### Stored data

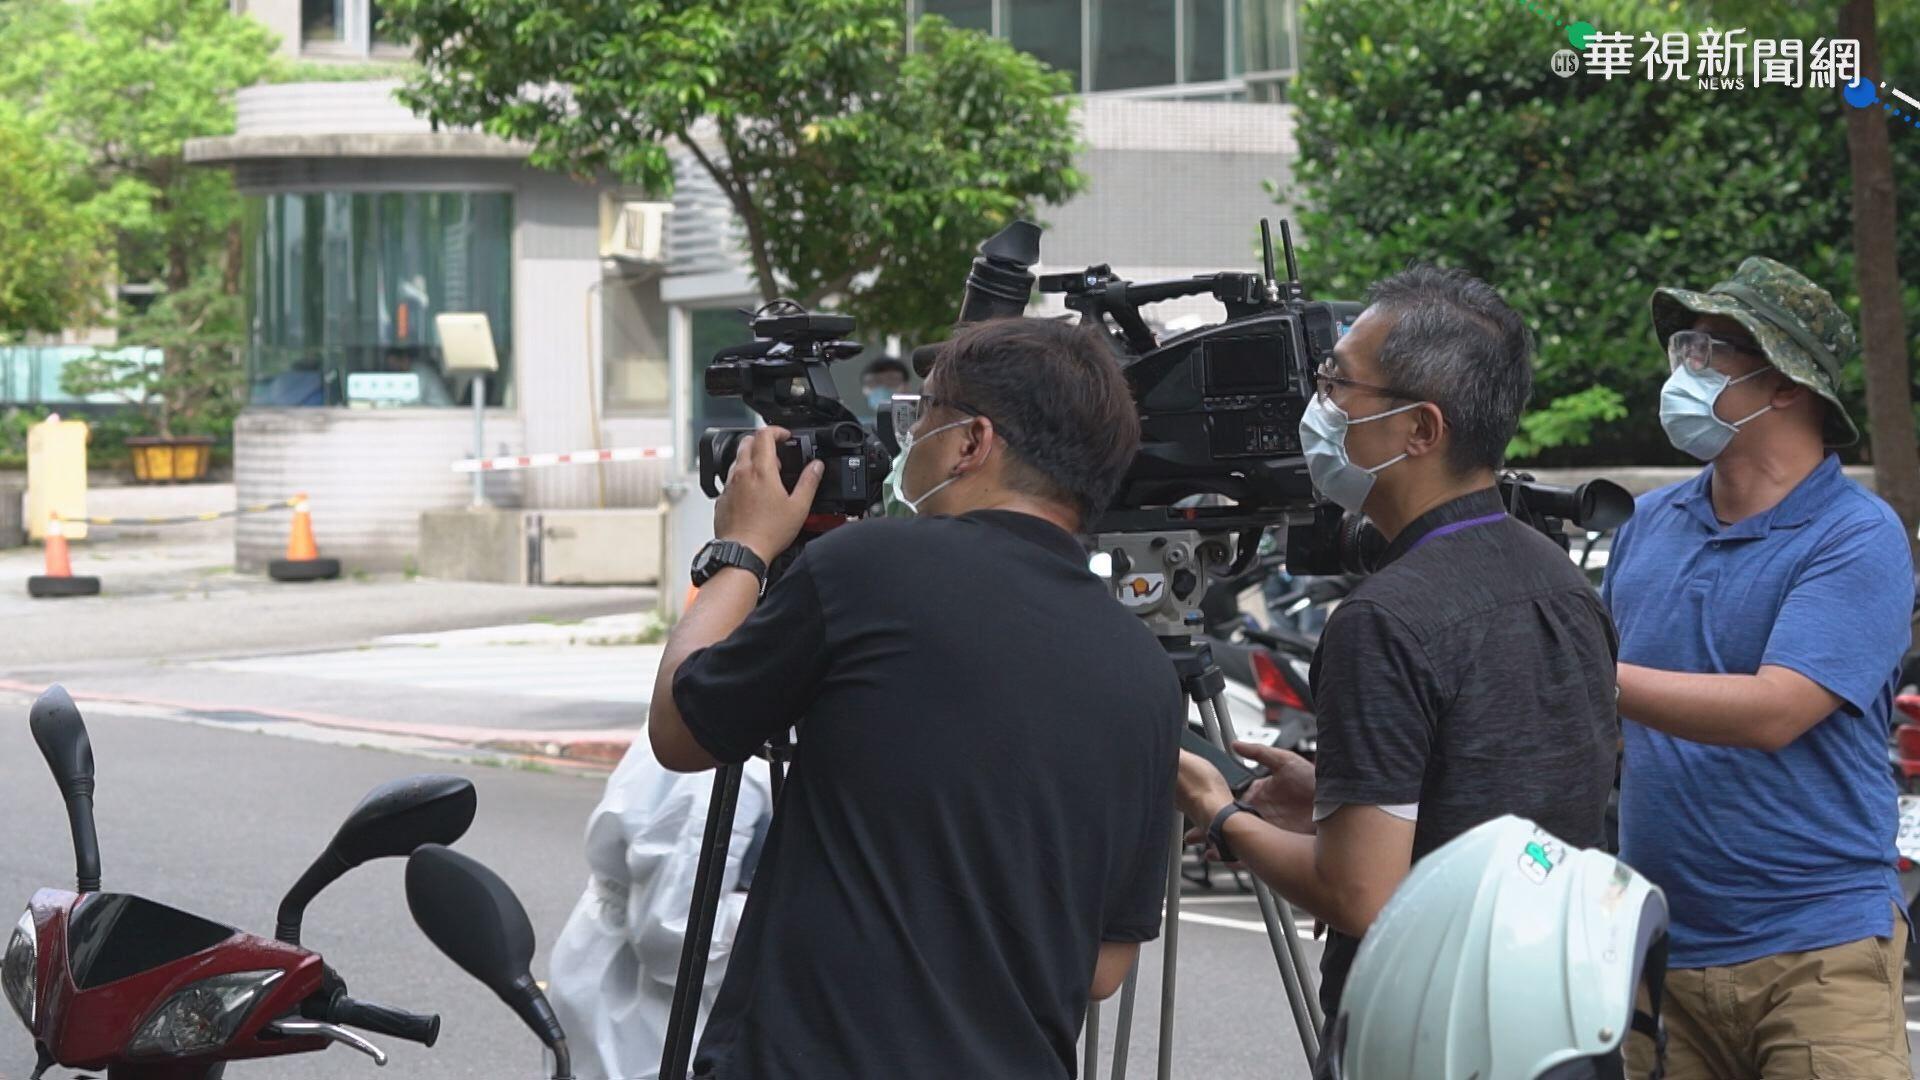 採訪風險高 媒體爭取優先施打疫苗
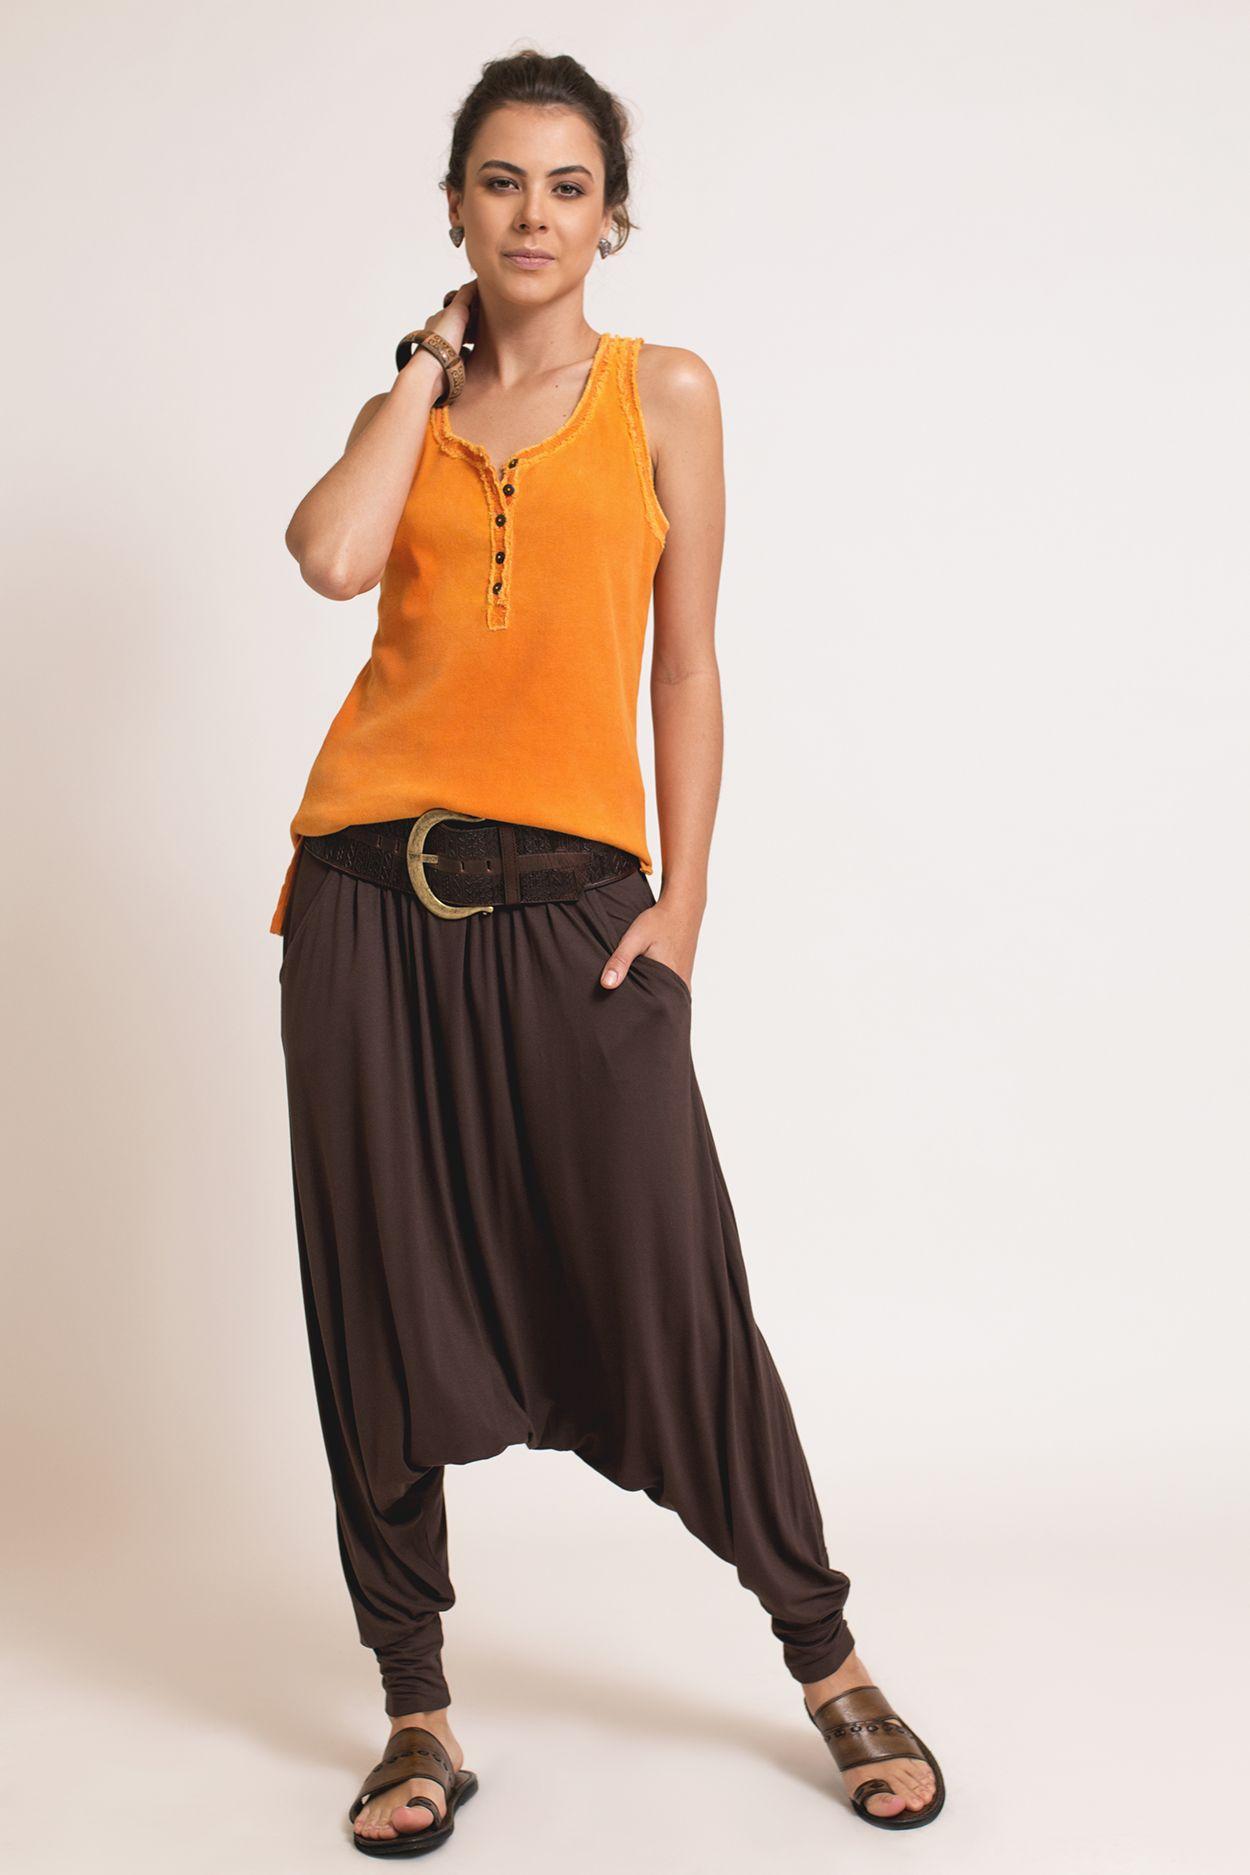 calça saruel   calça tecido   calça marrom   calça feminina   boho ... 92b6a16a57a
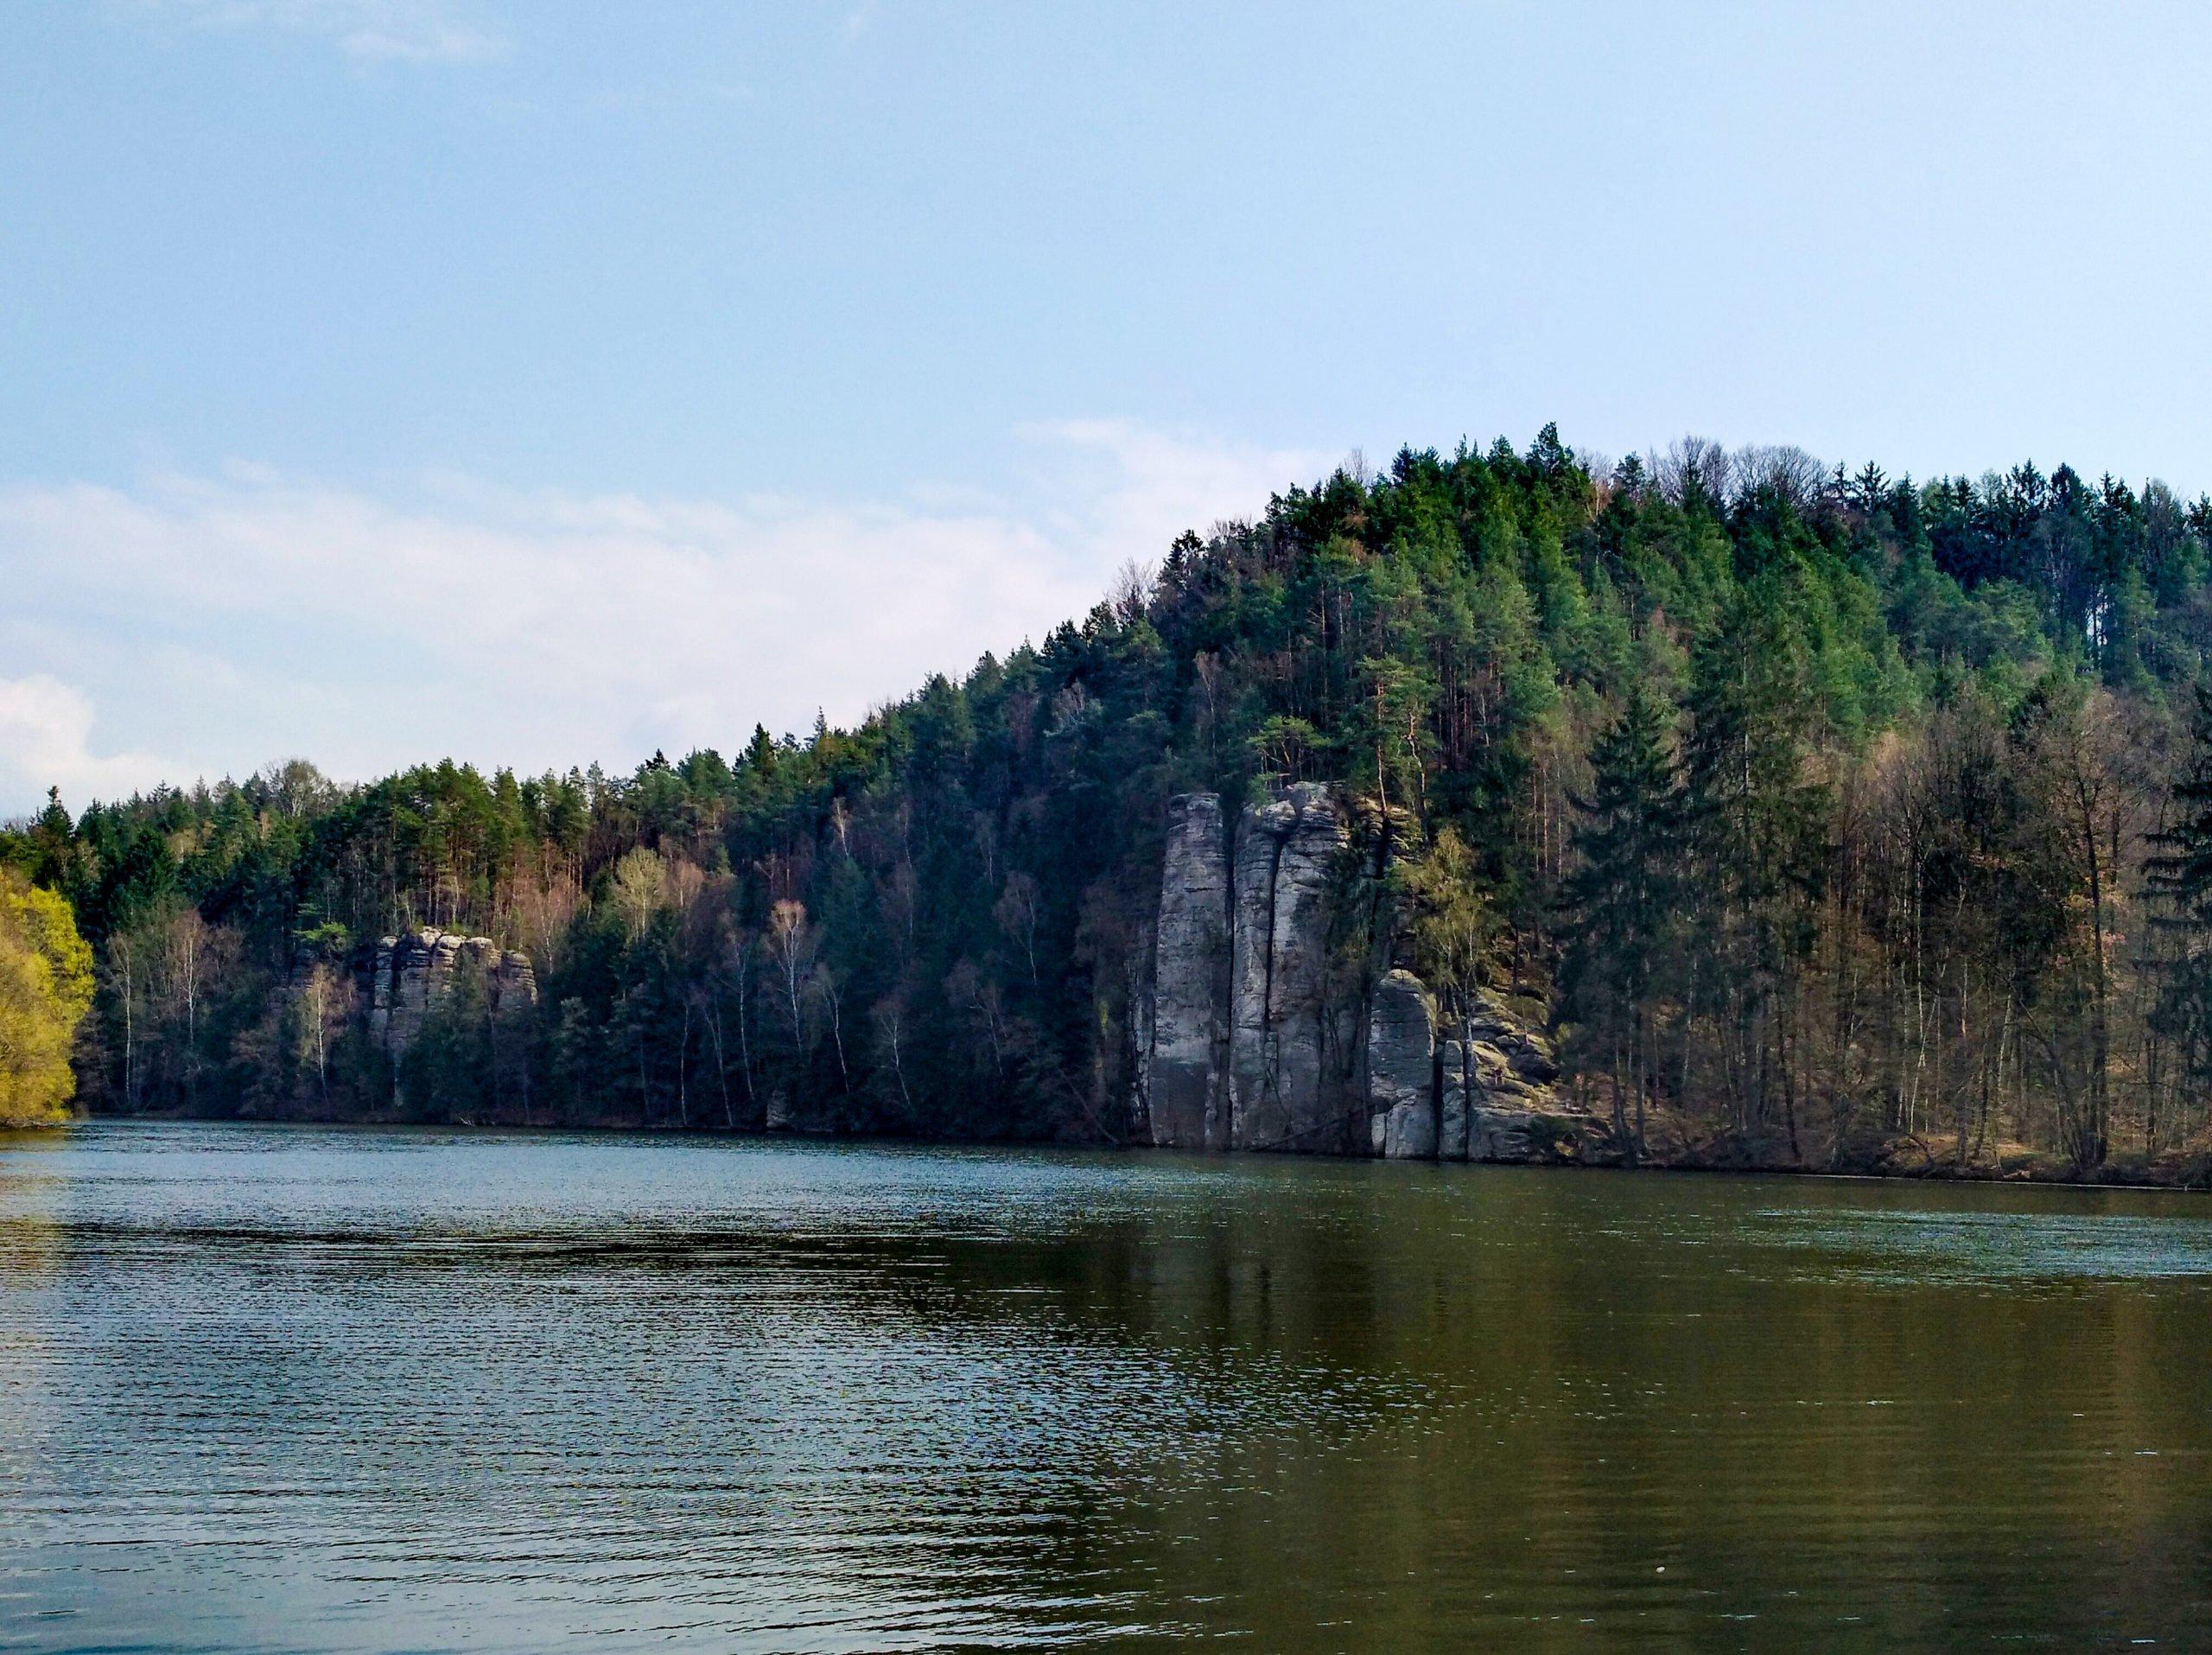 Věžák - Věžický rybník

### Aim of the task
Drop every picture from the data, then output all the rest exactly.

### Answer to this task
 採訪風險高 媒體爭取優先施打疫苗
 calça saruel   calça tecido   calça marrom   calça feminina   boho ... 92b6a16a57a
 Věžák - Věžický rybník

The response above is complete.